Published on April 30th, 2021 | by Jade Sanchez-Ventura and Ro Agents-Juska0
Bed: HOME IS WHERE WE
In our room, there is a king mattress and a single mattress, both on the floor, and a travel crib. My baby has just turned one. My big kid is five and three-quarters. I am married. We spent the end of 2020 and the start of 2021 in quarantine because my partner got COVID. Who knows where or how; we do (or don’t do) all the things, but numbers had been on the rise in New York City since Thanksgiving. Somehow neither I nor the kids got it. Ever since we discovered that our first kid slept more hours in a row when he was close to us, he’s either slept in our bed or in his bed adjacent. He’d been wondering about a room of his own until his sister was born and since then he’s wanted only to remain close and closer. Now we have this consortium of mattresses in the one room. There’s another bedroom that would have been for the kids if we put them there. Instead, it holds our desks and one more mattress, a queen, tucked into the corner. We call it the “grown up room.” (I’d thought that it might become the sexy room too, but even though it has a bed with no kids, it’s still the other rooms with other furniture that have more of a spark.) It is to this room where my partner or I retreat when we really need a night’s sleep, leaving the night parenting to the other.

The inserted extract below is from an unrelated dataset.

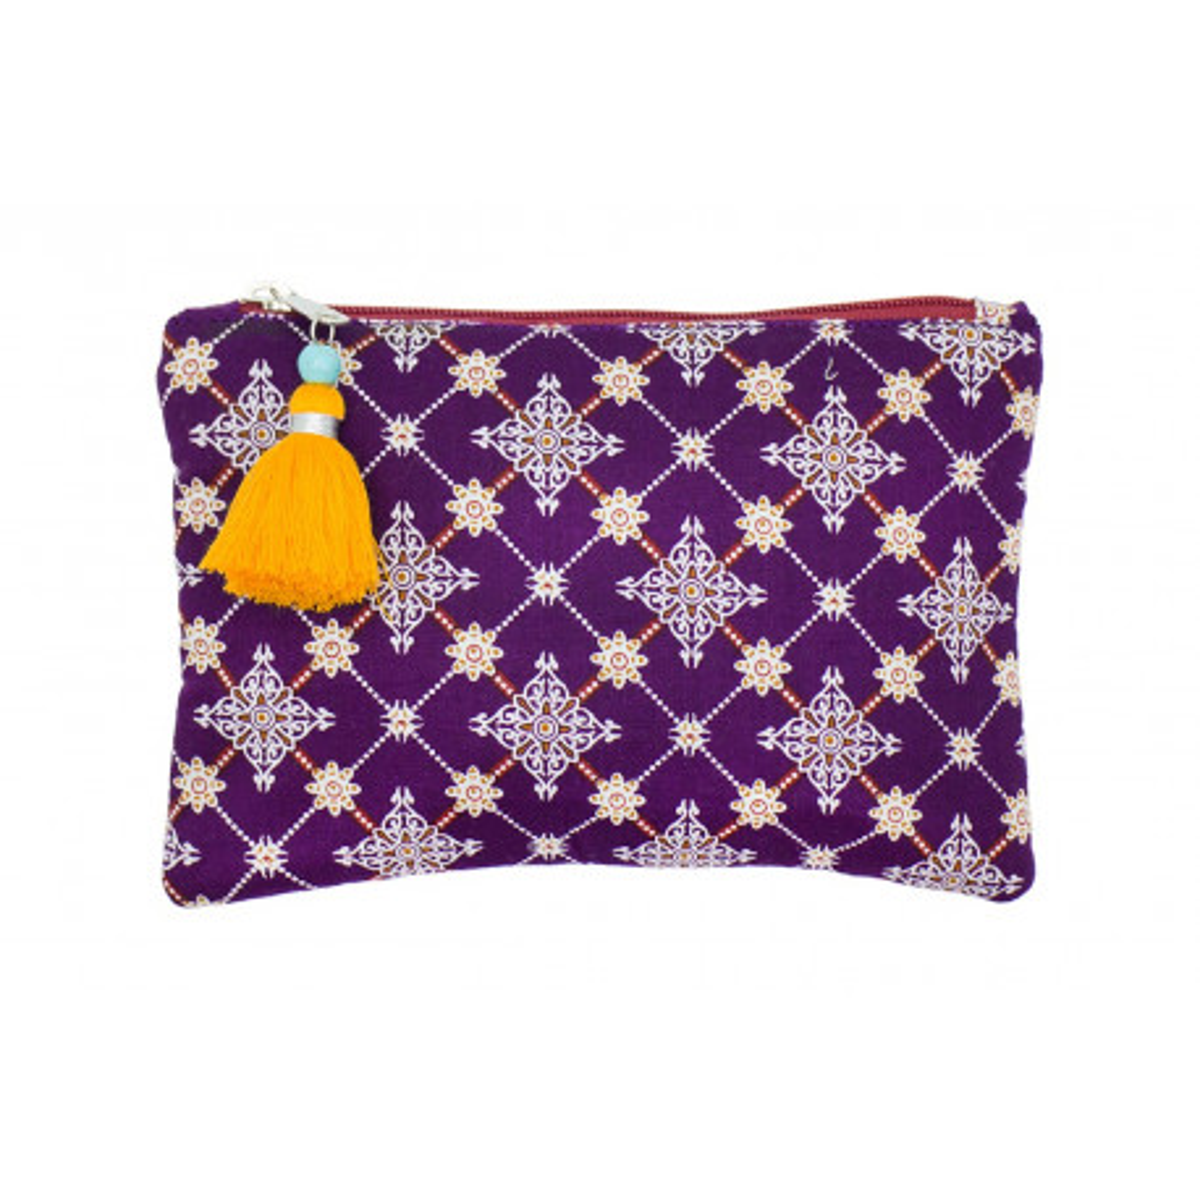 Petite pochette plate coton violet prune

I used to keep my beds pristine and all to myself. At sleepaway camp I didn’t mind if my bunkmates lounged on my bed, but I didn’t want them in it, nor did I want my pillow pulled out from my sleeping bag. In my apartments with my mother, with no siblings, I reigned over my room. I loved especially the laundry days that concluded with fresh sheets. On these, I showered in the evening before putting on a fresh, clean baggy t-shirt and underwear. Then I’d climb into bed and light my lamp and read late into the night. In college, when I’d hook up, I preferred returning to their beds rather than bringing our shared sweat into mine.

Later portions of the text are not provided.